Die vorgefundene, von Blom vorgesehene Trennung der Geschosse, erschien den Architekten zu drückend, zu eng, zu dunkel. Aus ihrer Sicht bestand zu wenig Zusammenhang zwischen den Stockwerken. Mit dem Ergebnis: Wo Blom horizontal zwischen den Geschossen trennte, stellt nun ein Luftraum vertikale Bezüge innerhalb des Gebäudes her. Was für die Architekten zunächst wie eine Unzulänglichkeit des Baus wirkte, stellte sich im Entwurfsprozess somit als großes Potenzial heraus. Denn so konnten Personal Architecture die Grundrisse restrukturieren, die jeweiligen Ebenen zonieren und die Geschosstrennung in der Vertikalen auflösen.

Baumkrone mit Aussicht

Die den Luftraum umschließenden Wände nehmen Funktionsräume wie eine Rezeption, eine Wäscherei, Badezimmer sowie eine Abstellkammer auf. Im oberen Stockwerk mündet dieses Haus-im-Haus in einer Küche für die Wohneinrichtung und auf seinem „Dach“ kann man nach dem baulichen Eingriff von Personal Architecture die Raumerfahrung machen, wie sie Namen wie „Baumhaussiedlung“ oder „Würfelwald“ erahnen lassen: Sie bilden eine aparte architektonische Landschaft.
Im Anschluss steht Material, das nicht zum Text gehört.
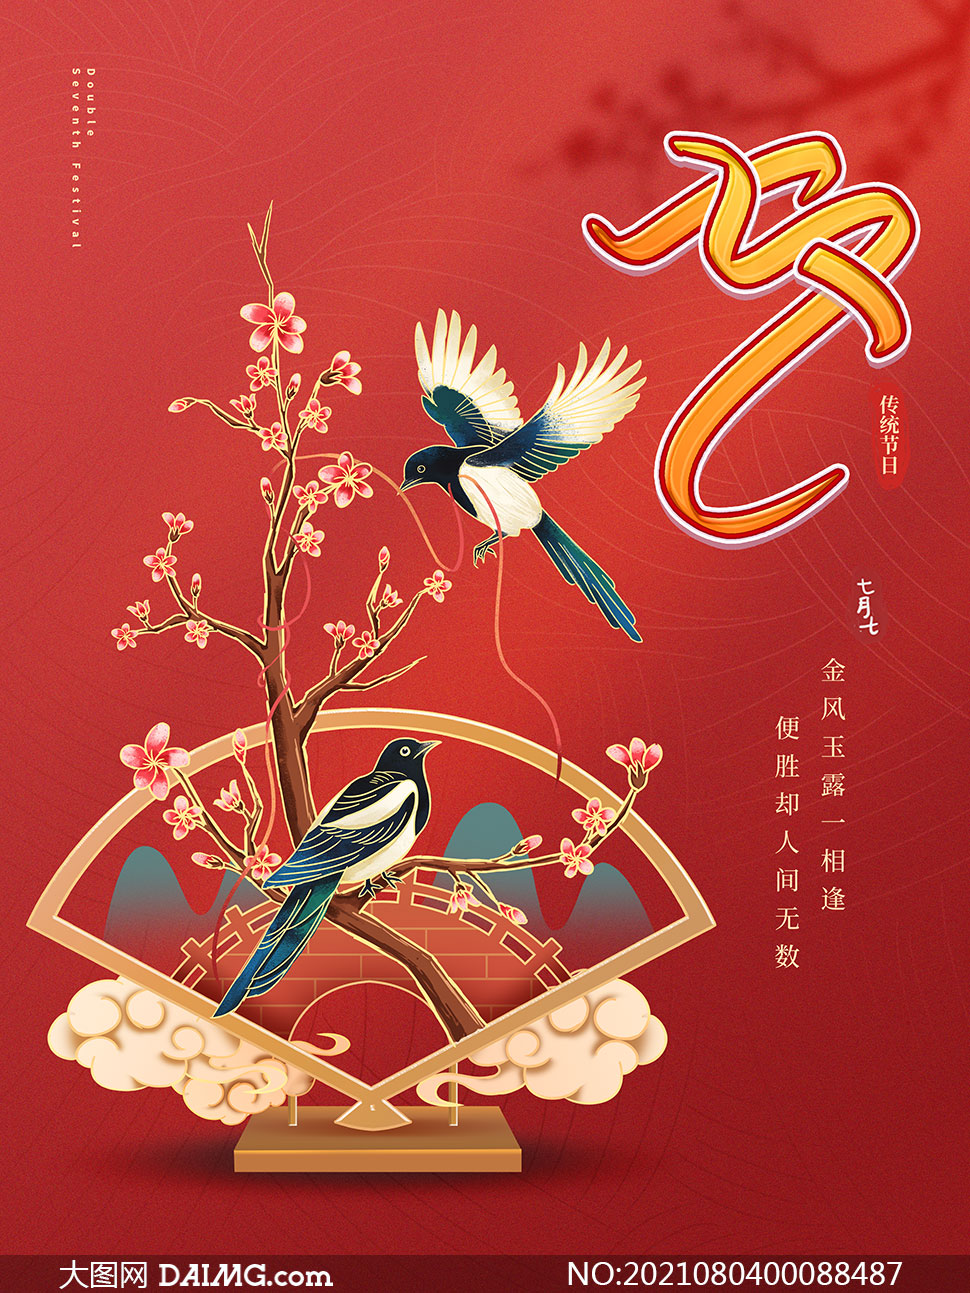 红色主题七夕节活动海报设计psd素材
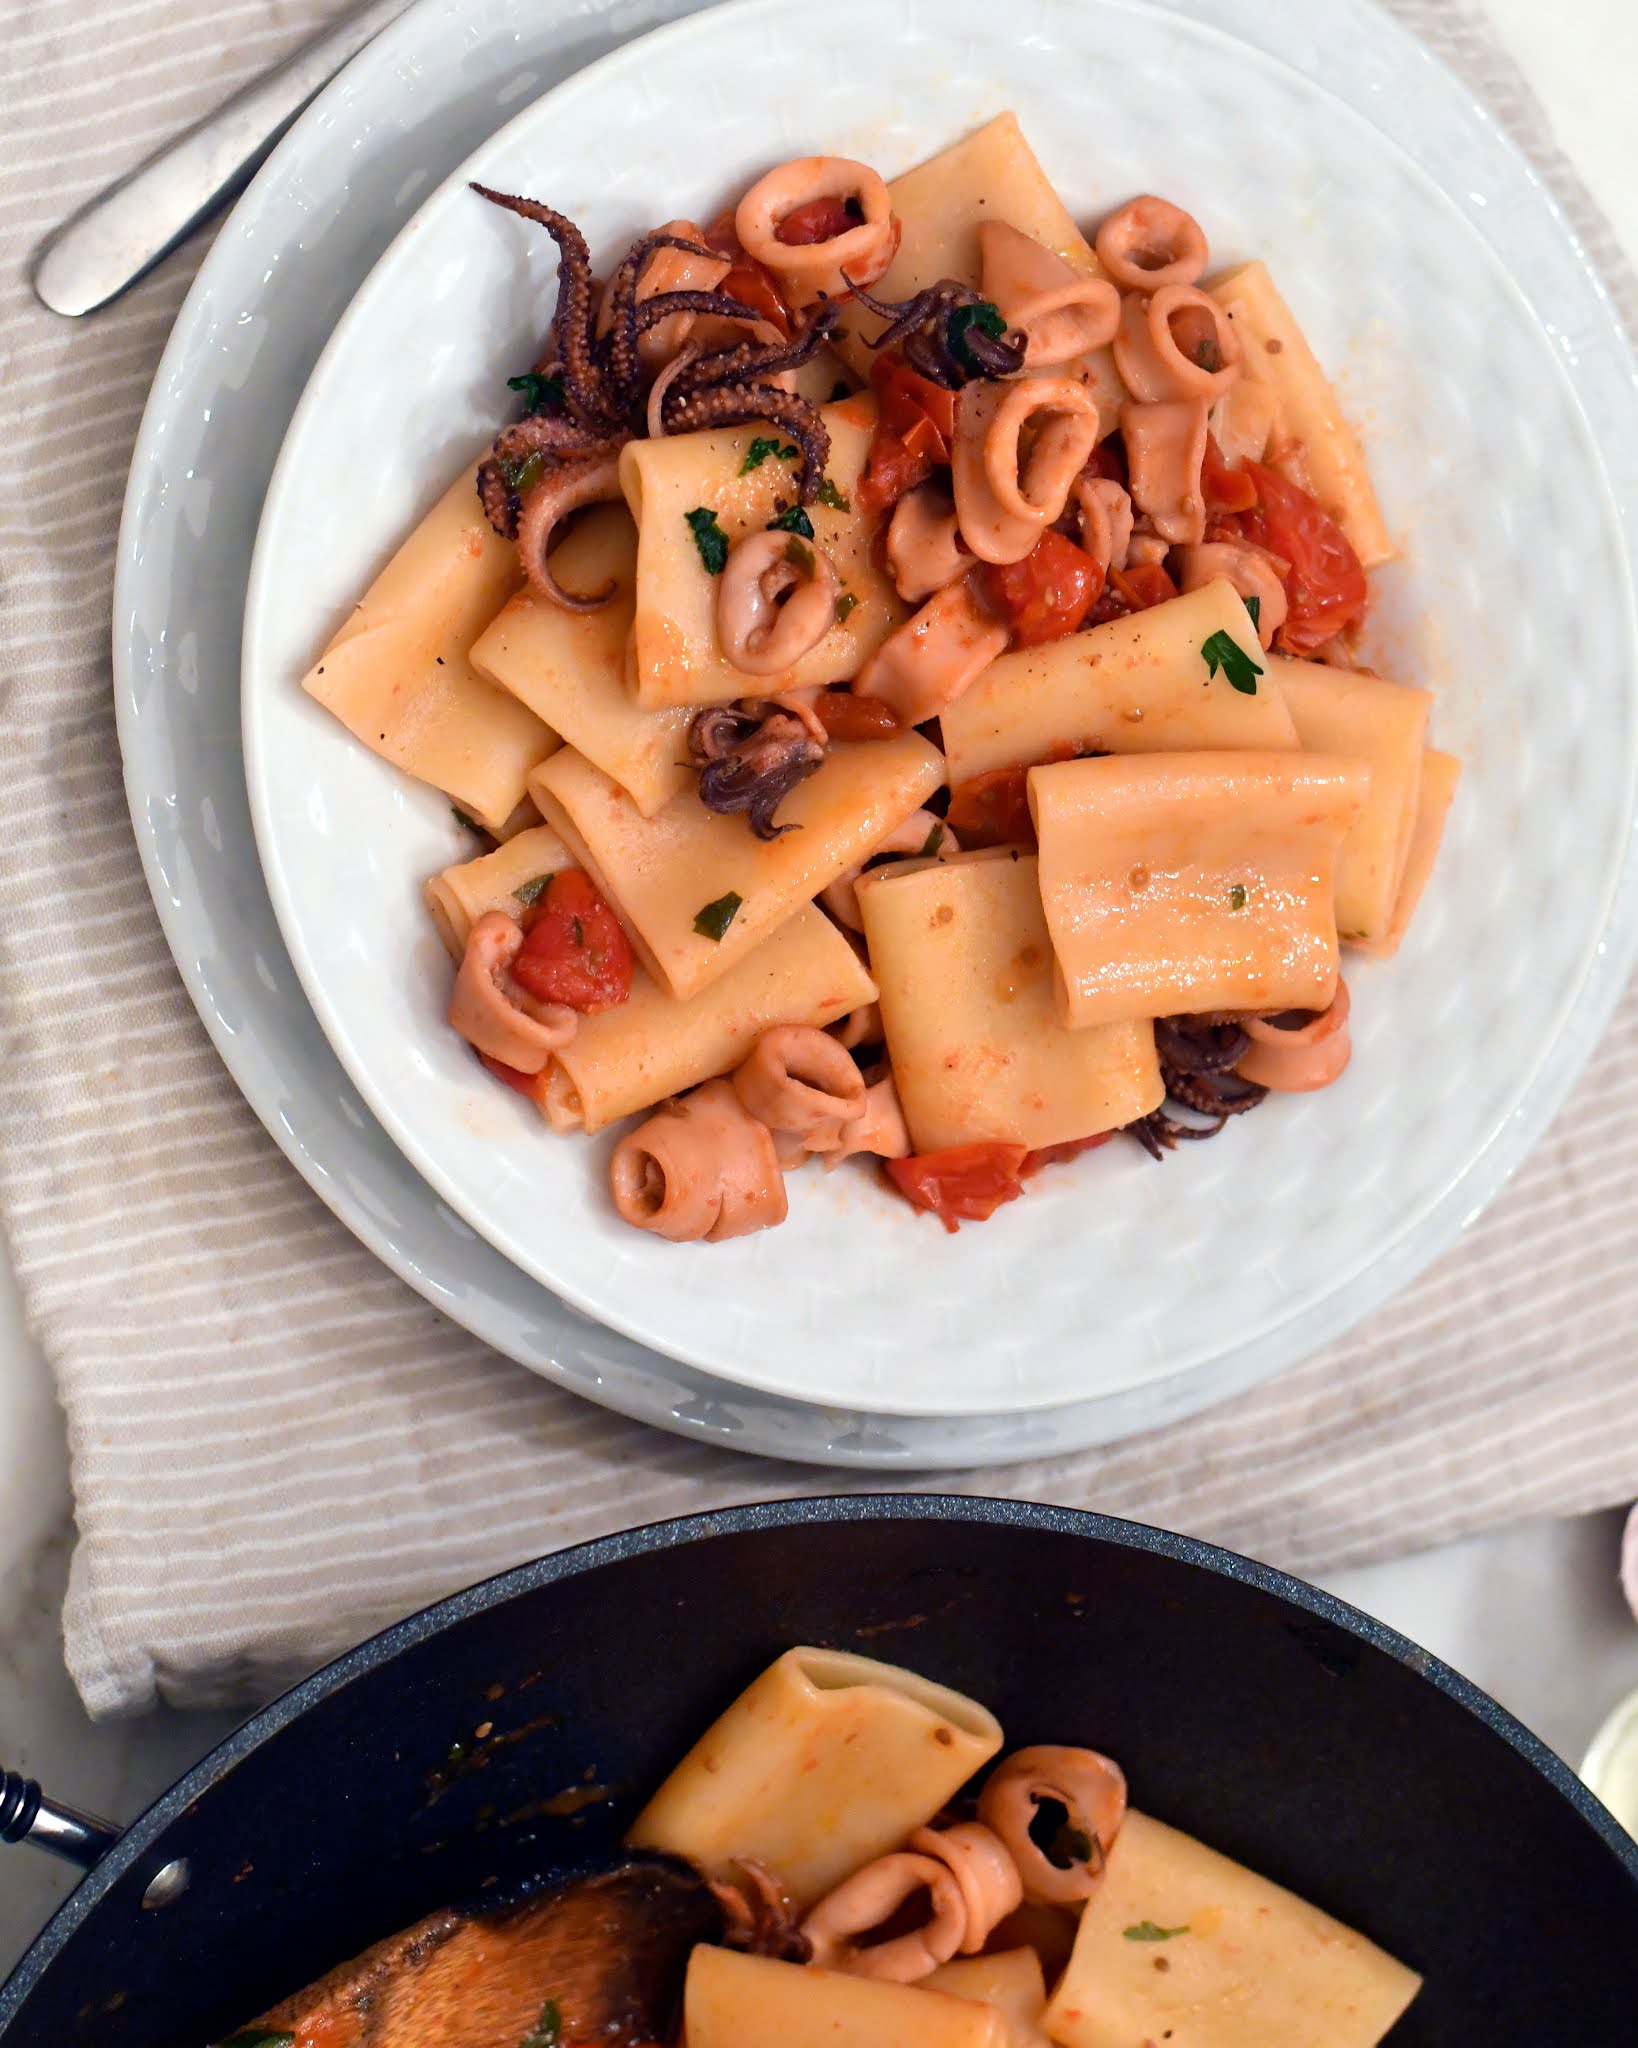 Cooking with Manuela: Authentic Italian Pasta with Calamari Sauce

Als säße man in der Krone eines Baumes, schweift der Blick die Dächer der anderen Kuben und über die Stadt.

Nach seiner Erneuerung zeigt Piet Bloms Wald aus Kuben umso deutlicher, dass der Strukturalismus seine Bauten nicht nur als Ausdruck funktionaler, sondern auch sozialer Zusammenhänge versteht. Indem die Nutzung der „Supercubes“ weitergedacht wurde und ehemalige Strafgefangene einzogen sind, wird die Supercube-Siedlung sowohl funktional als auch sozial in die städtische Gesellschaft integriert. Vielleicht bedarf es ja gar keines Neuen Babylon, damit die Bewohner eine Stadt selbst für die Beziehungen zwischen Menschen und Orten sorgen?